Available data -
═══
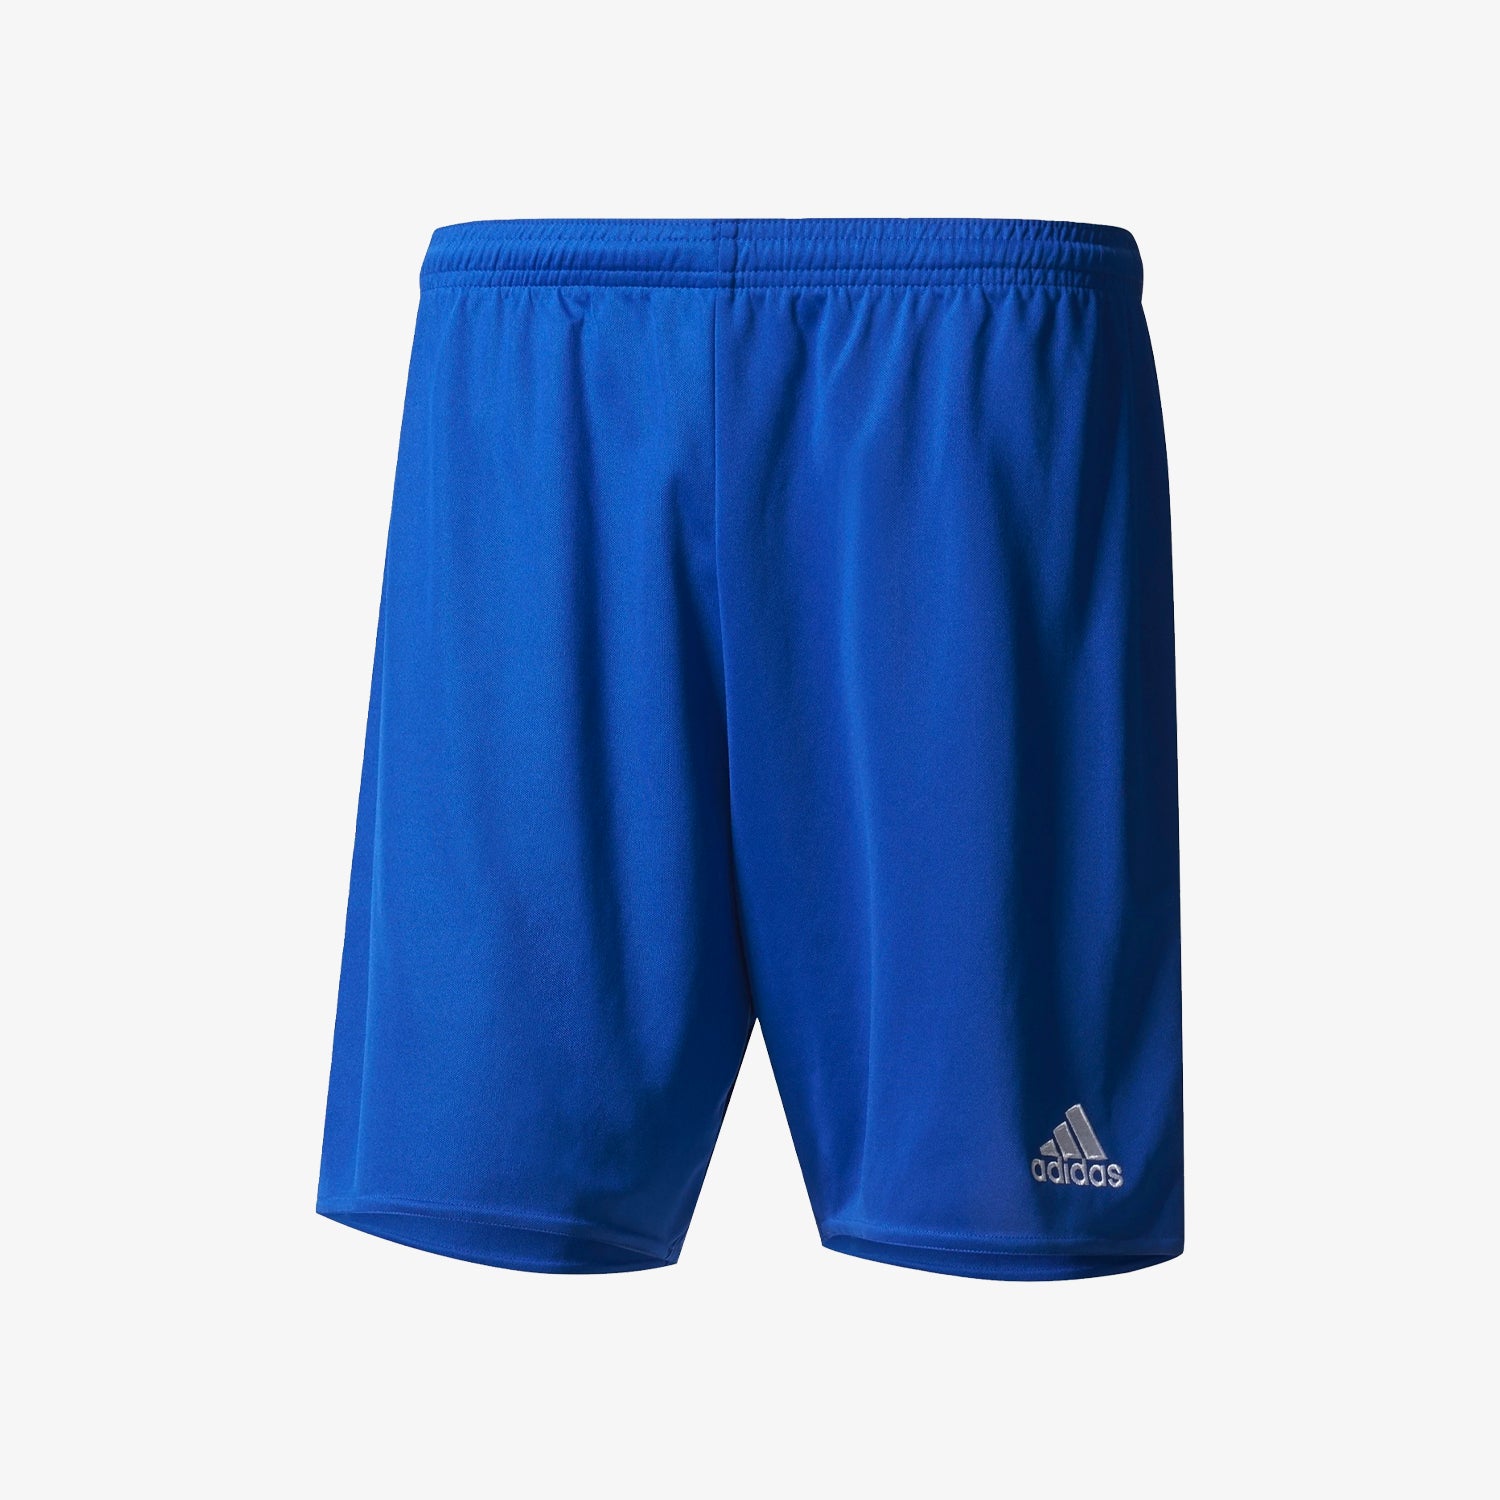 Parma 16 Shorts - Blue/White
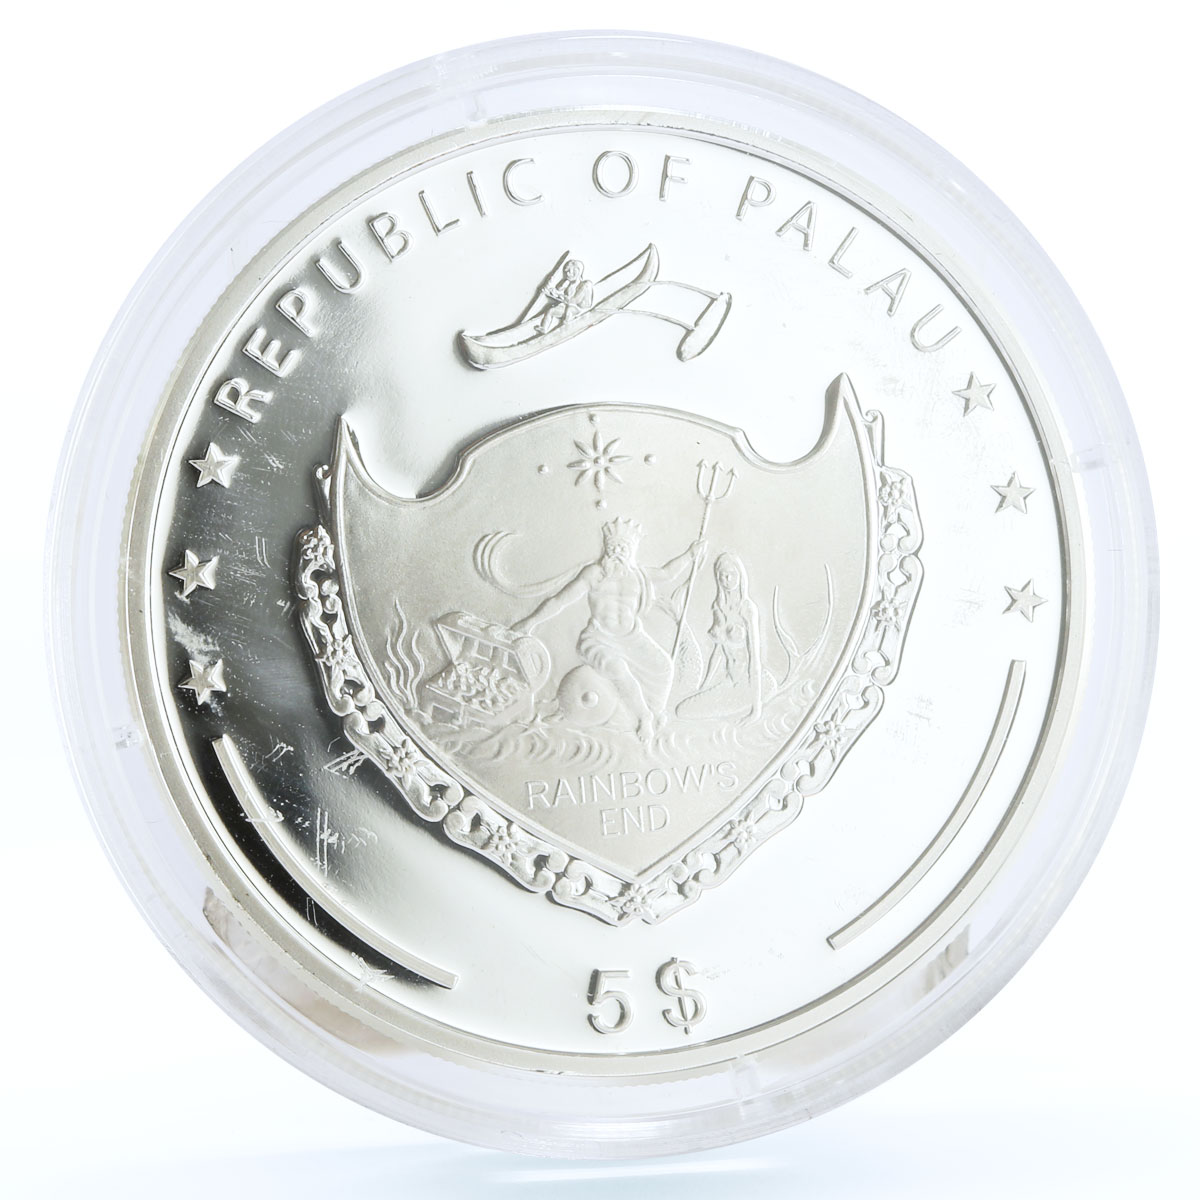 Palau 5 dollars Marine Life Protection Pinctada Maxima Shell silver coin 2007
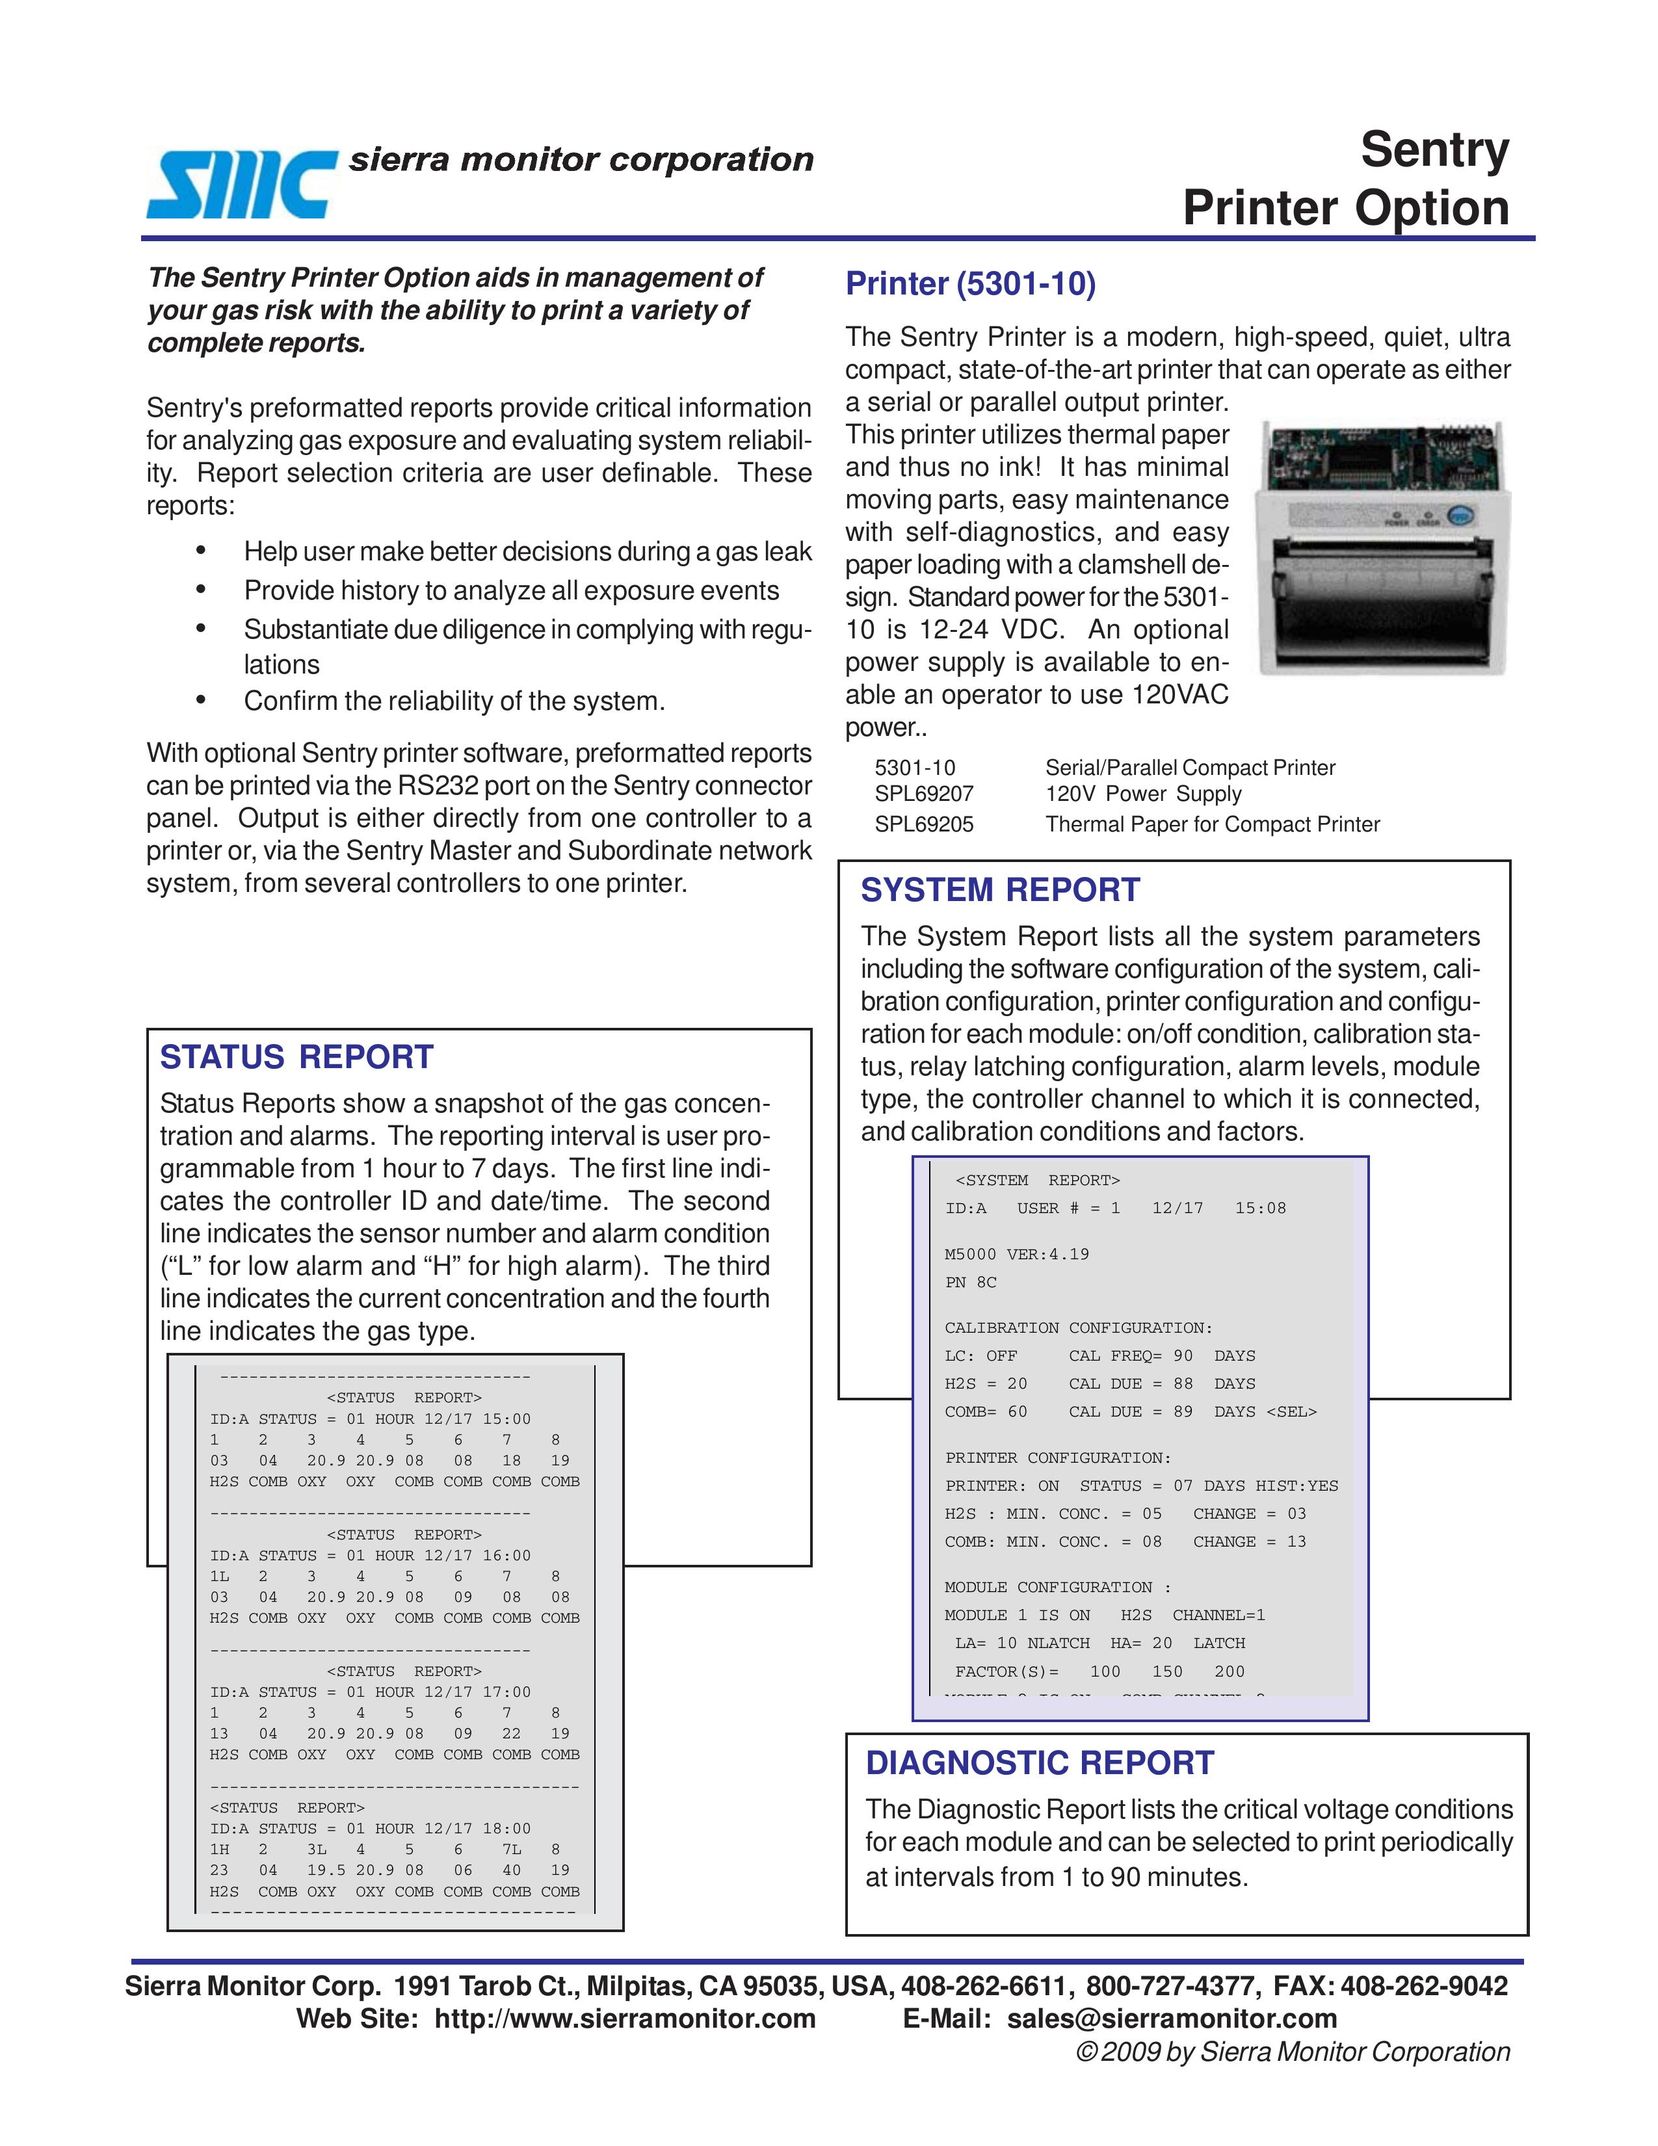 Sierra Monitor Corporation 5301-10 Printer User Manual
═══
Aim of the exercise - Give back exactly the lines from the one containing "Palau 5 dollars" through the last line above, both included, and none of the pictures.

Solution -
 Palau 5 dollars Marine Life Protection Pinctada Maxima Shell silver coin 2007
 Sierra Monitor Corporation 5301-10 Printer User Manual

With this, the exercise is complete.